Action item: Restate word for word the lines below from the one that has "Cannon Plant for" through the one that has "Details about Tortuga", keeping both and dropping all pictures.

Data for this task:
◆ ◆ ◆
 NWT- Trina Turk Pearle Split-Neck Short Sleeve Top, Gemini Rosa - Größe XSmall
◆ ◆ ◆
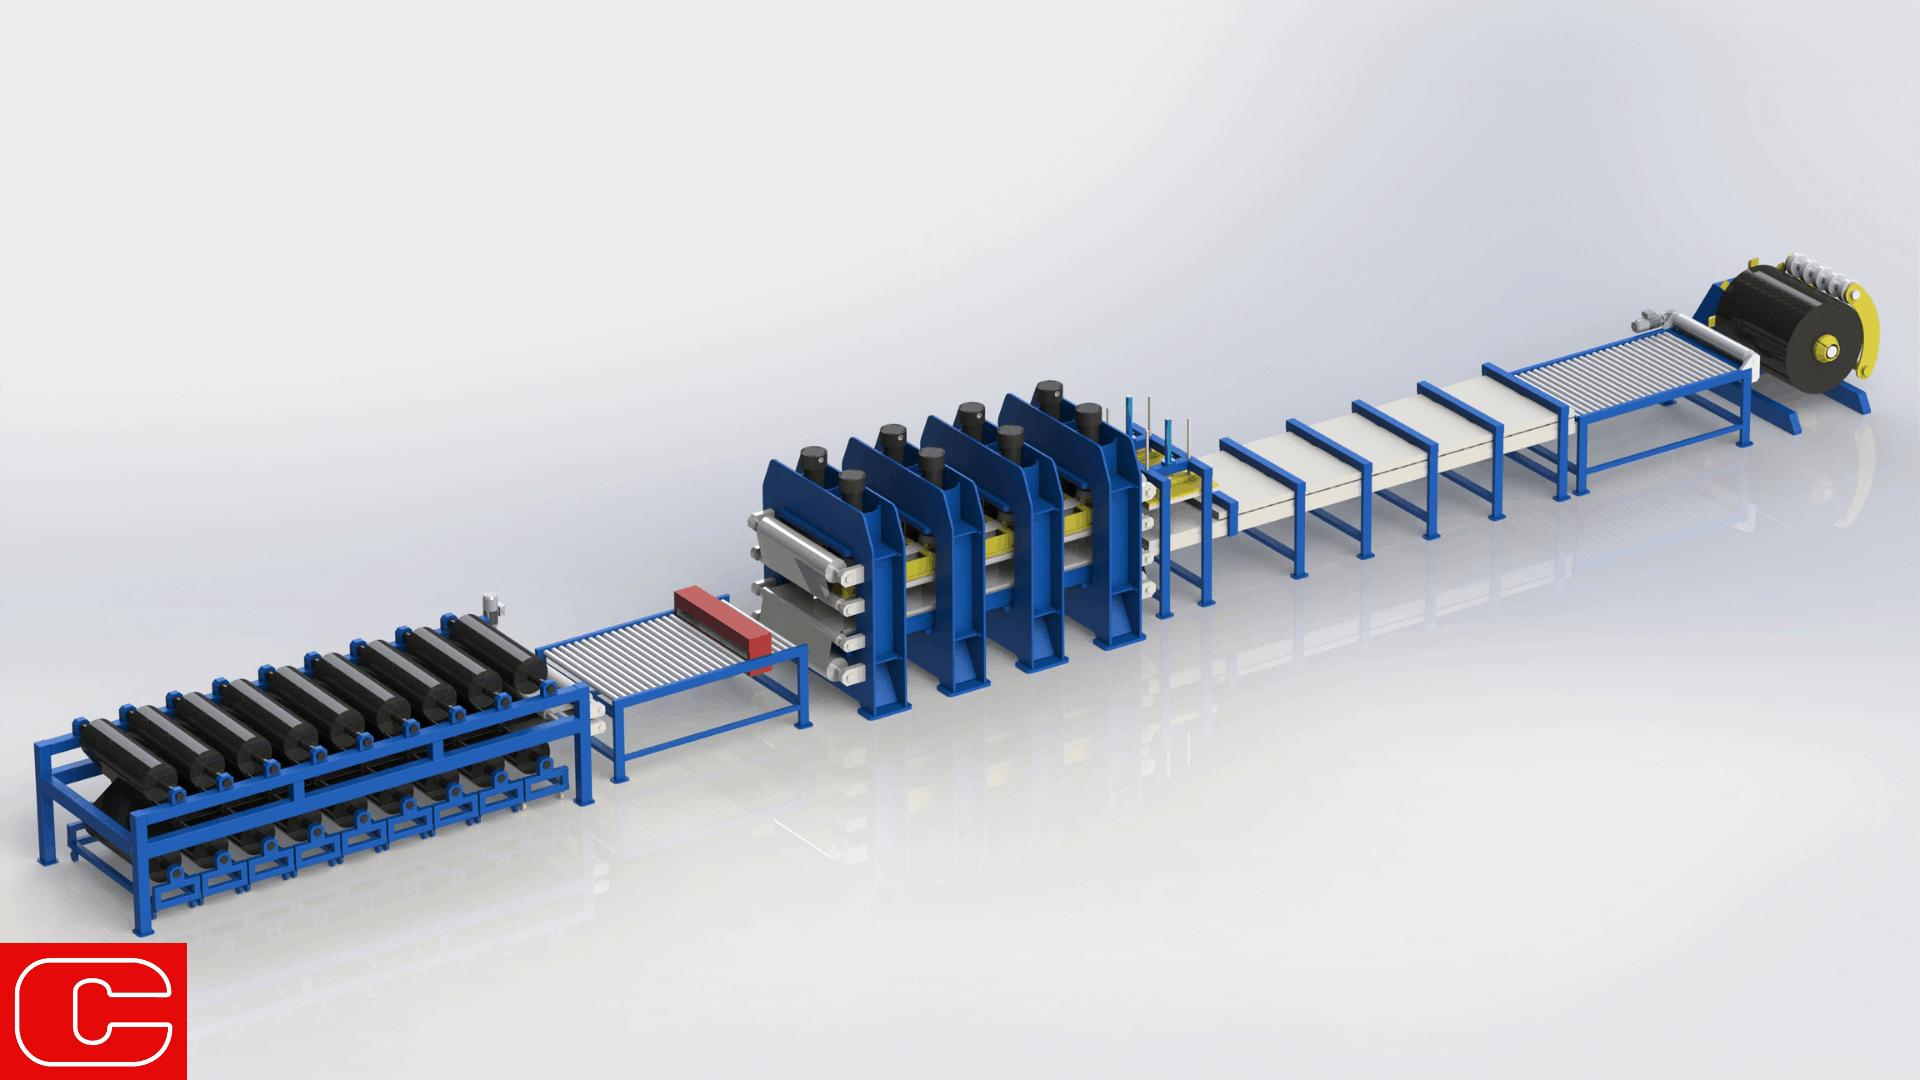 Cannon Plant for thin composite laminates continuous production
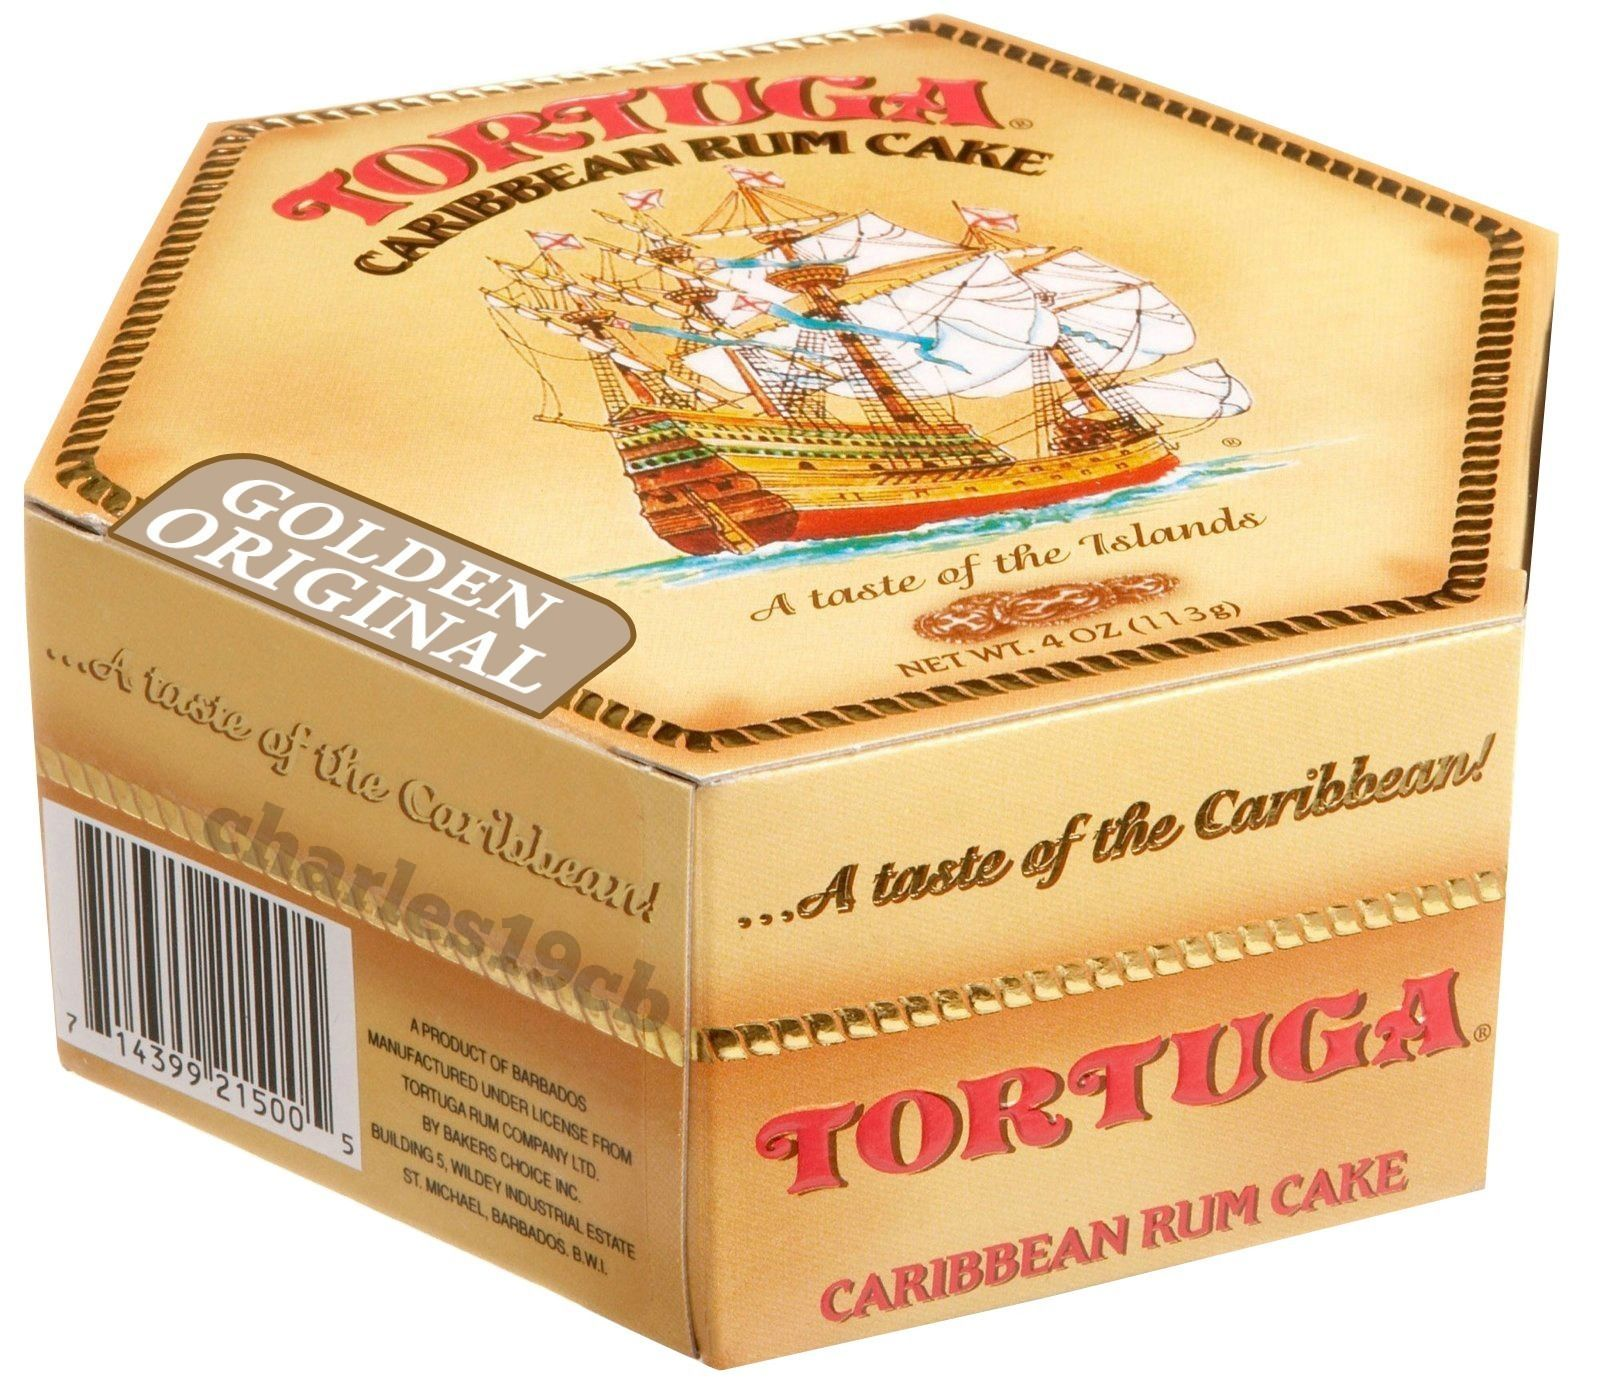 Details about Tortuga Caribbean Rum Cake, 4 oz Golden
◆ ◆ ◆
Final answer:
 Cannon Plant for thin composite laminates continuous production
 Details about Tortuga Caribbean Rum Cake, 4 oz Golden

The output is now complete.